London Calling ha scritto il contrario pero' : 



> la  gente arriva con *vassoi di dolci* per festeggiare con i colleghi, si   offre il caffé al bar, a casa vengono invitati i parenti,ecc. San   Giuseppe poi è anche la Festa del Papà, quindi si festeggia *ancora di   più*!


----------



## tiamospagna

En la ocasion del santo en Italia se suele felicitar a los que conocemos o que queremos. Tambien me occurrio, trabajando con gente que conocia por primera vez, de felicitar su santo si era el mismo dia aunque no era un santo muy conocido. Es probable que en algunos pueblos se festeja como dice London Calling. Segun mi experiencia depende mas de las personas.


----------



## Tomby

En España se sigue celebrando la _onomástica_ (más popularmente conocida como el _Día del Santo_), principalmente cuando dicho día es festivo o cae en domingo. Actualmente se celebra menos que antes pero se sigue celebrando. Sólo se escapan las personas cuyo nombre no figura en el santoral católico.


----------



## Geviert

En efecto, al menos en LA, generalmente no se distingue entre "el santo" y el cumpleaños de una persona. Me confirmarán los latinos in situ


----------



## joanvillafane

Sì ma anche le persone che non hanno il nome di un santo possono essere "tocayos"  - qui negli Stati Uniti, tra le persone hispano-parlante, è molto bello di avere un nome in comune.  Forse, come ha detto ursu-lab, quando ci sono tanti nomi "classici" non è molto notevole, ma qui se uno si chiama "Aníbal" o "Ulises" non ci sono tanti altri con lo stesso nome, allora il "tocayo" diventa più importante.


----------



## ursu-lab

Geviert said:


> London Calling ha scritto il contrario pero' :


London Calling ha specificato: 



london calling said:


> Qui nel sud Italia ...



Non conosco un granché il Sud Italia, ma almeno fino a Roma non ho mai sentito parlare di "feste di onomastico" con addirittura inviti a casa di amici e parenti. 
A dire il vero, nemmeno in Spagna mi è mai capitata una cosa del genere, manco con le amiche Pilar, che hanno persino un ponte a disposizione per organizzare una megafesta... Sarà la crisi? 

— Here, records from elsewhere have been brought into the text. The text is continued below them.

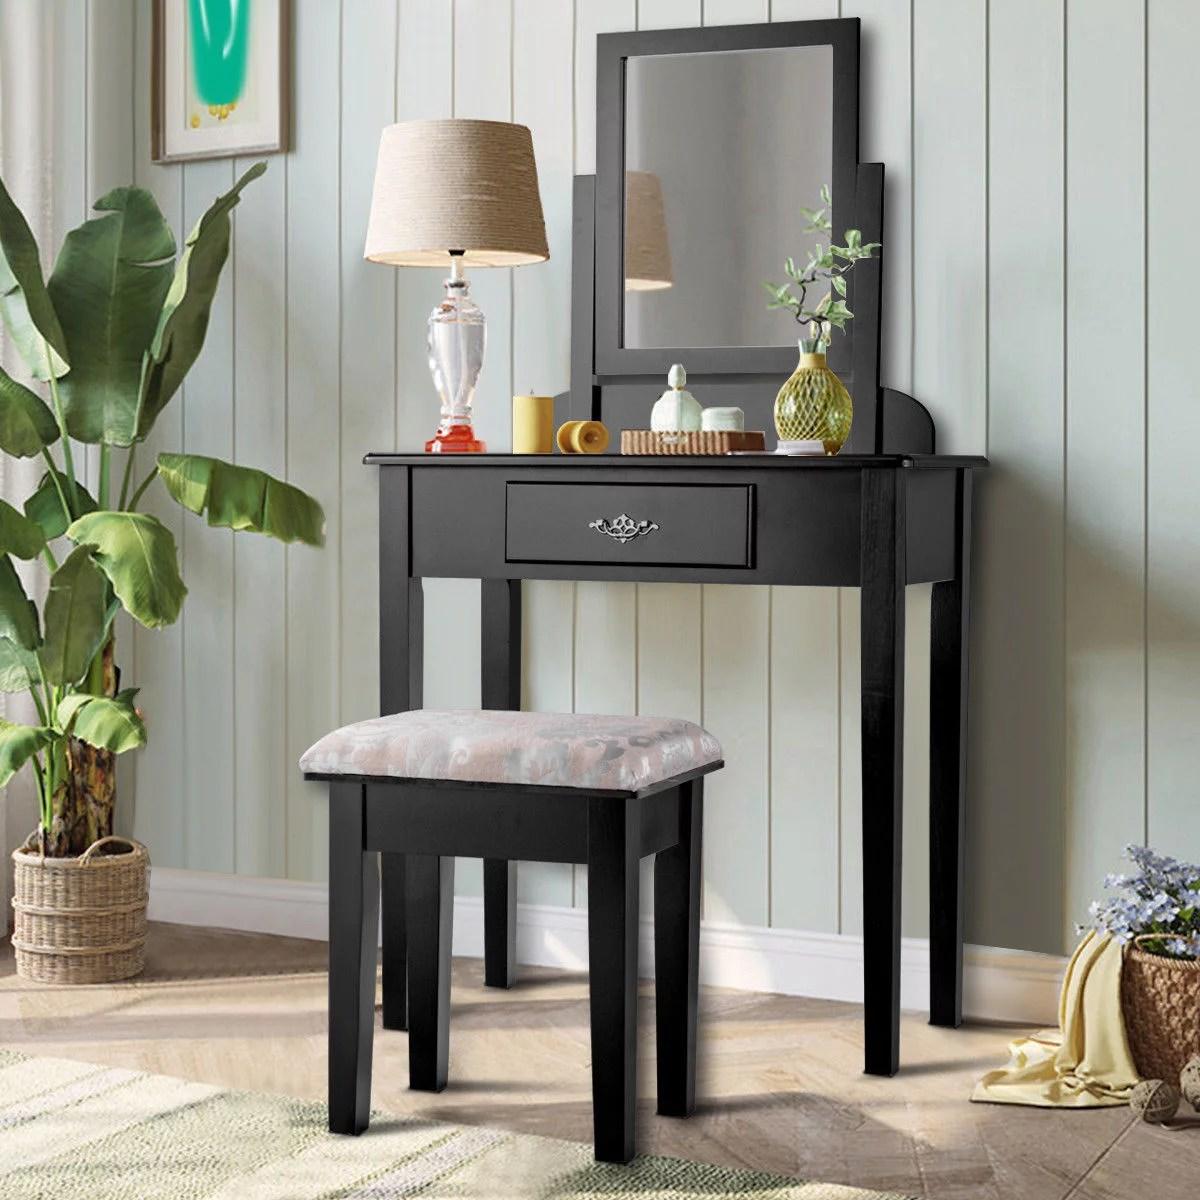 costway makeup desk vanity dressing table square stool 1 large black walmart com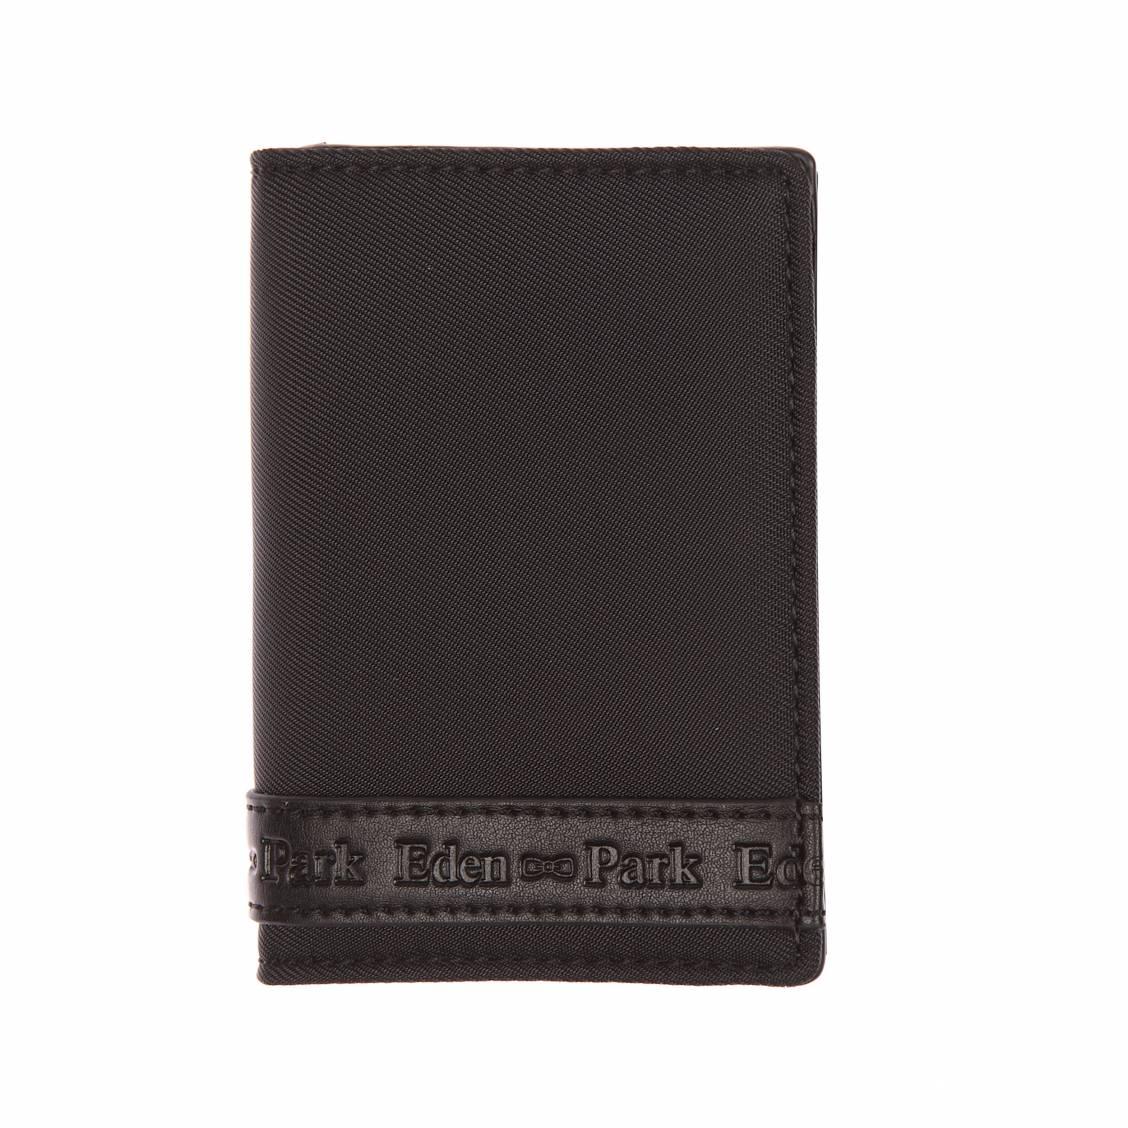 Portefeuille européen 2 volets  noir en tissu et cuir monogrammé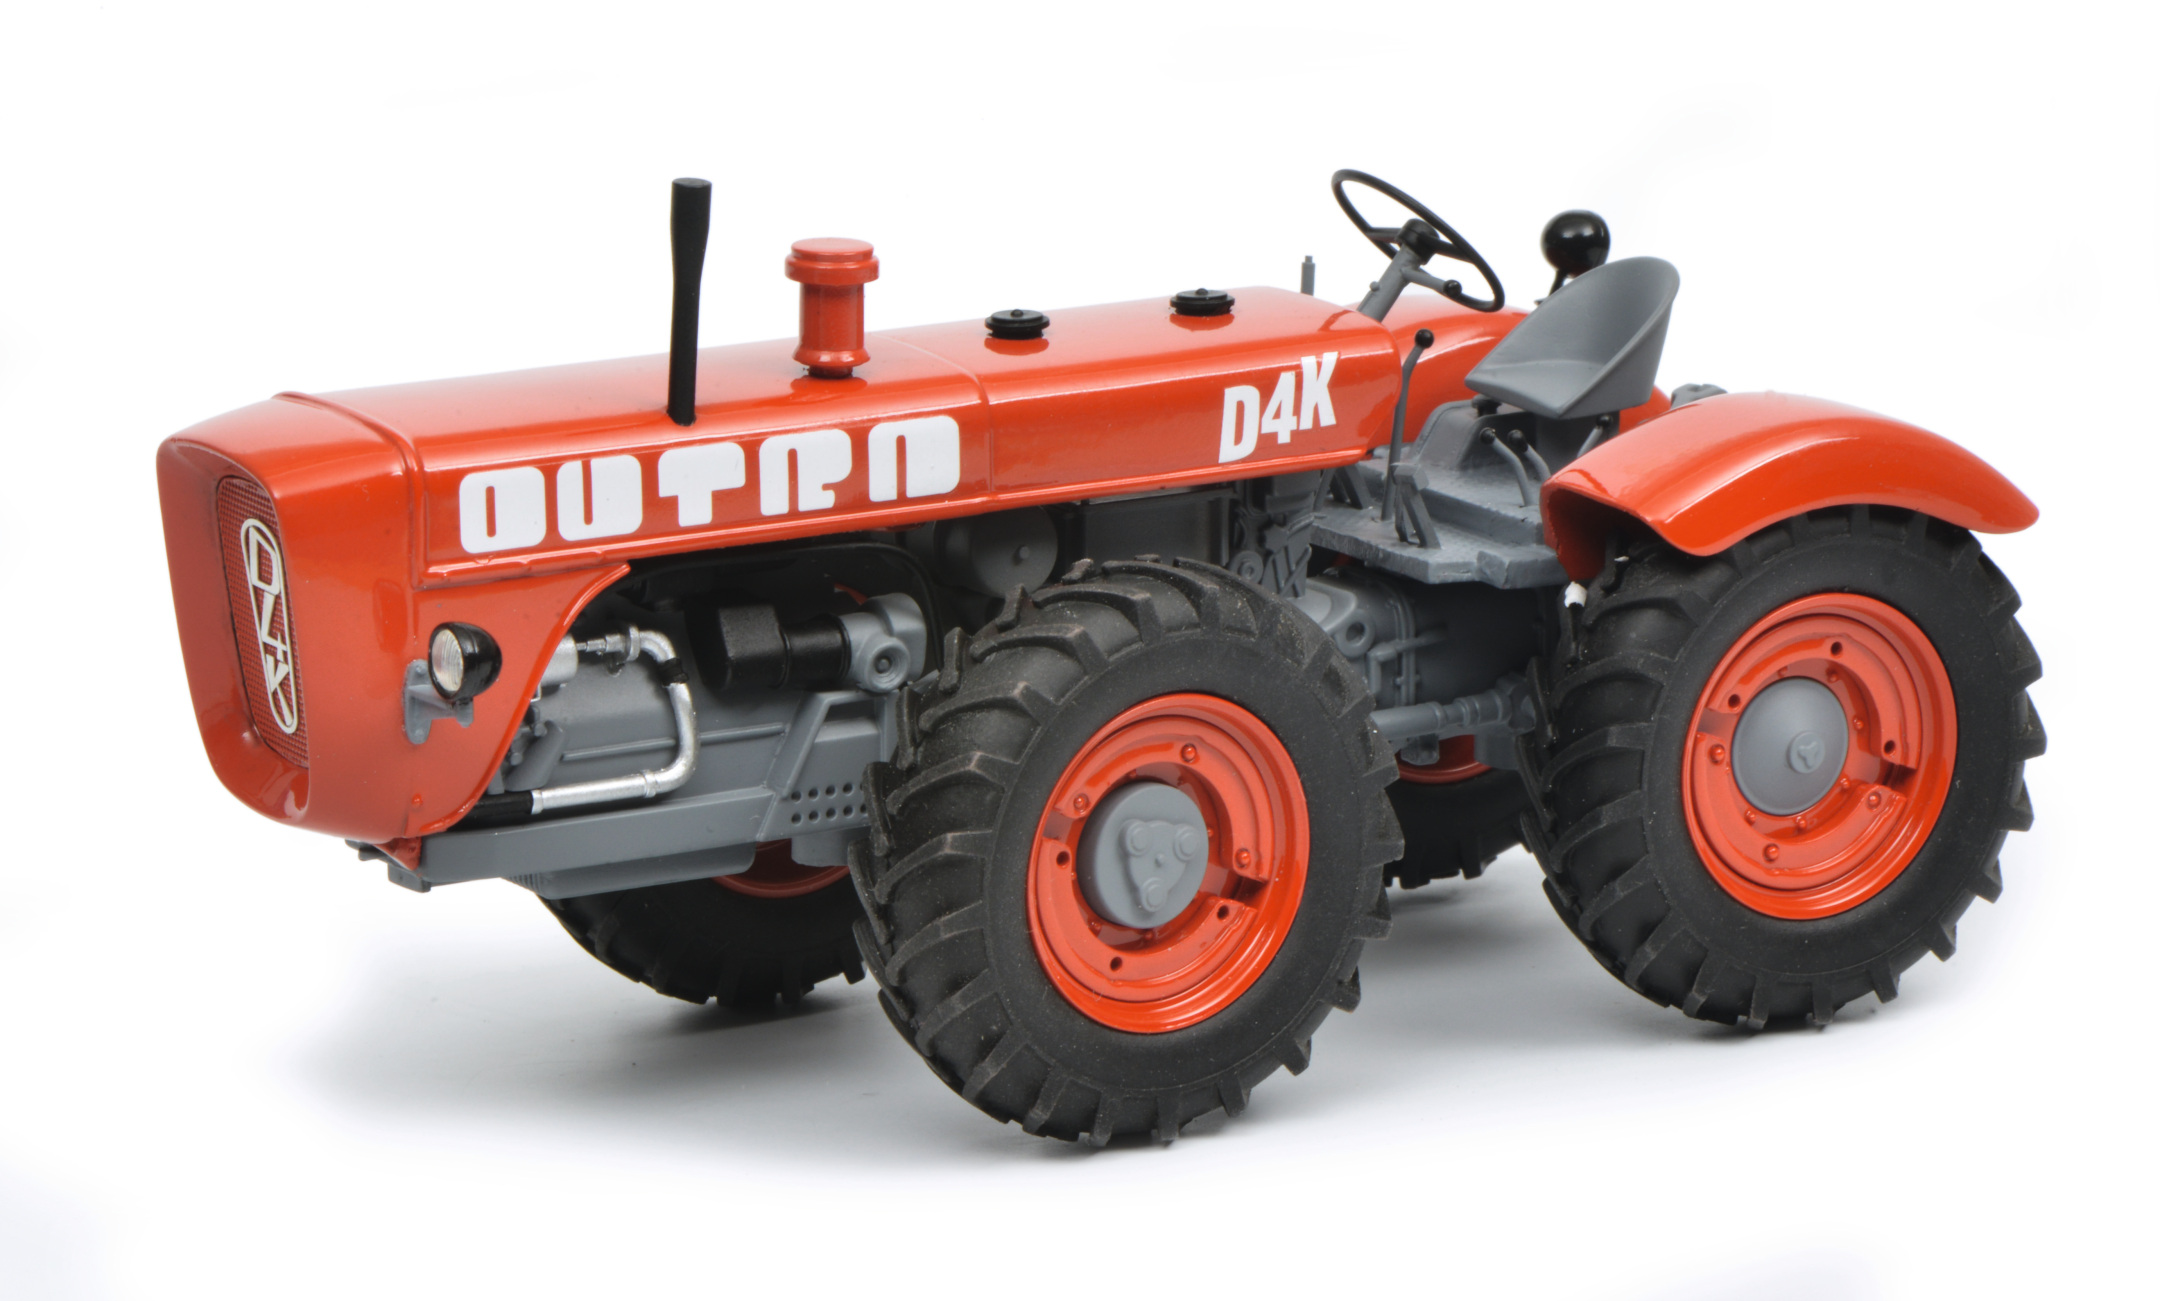 DUTRA D4K Traktor 1:32

Nel caso specifico di San Giuseppe, che è la festa del papà, la festeggiano tutti, anche quelli che hanno il babbo che si chiama Mario... 
Comunque, tornando a "tocayo", io ho un nome piuttosto raro e con le persone che si chiamano come me (in Italia ne ho conosciute solo 2) non ci siamo mai chiamate né salutate usando il termine "omonime" e considererei piuttosto innaturale farlo, mentre in Spagna, dove il mio nome è più comune, "tocaya" lo uso senza alcun problema.


----------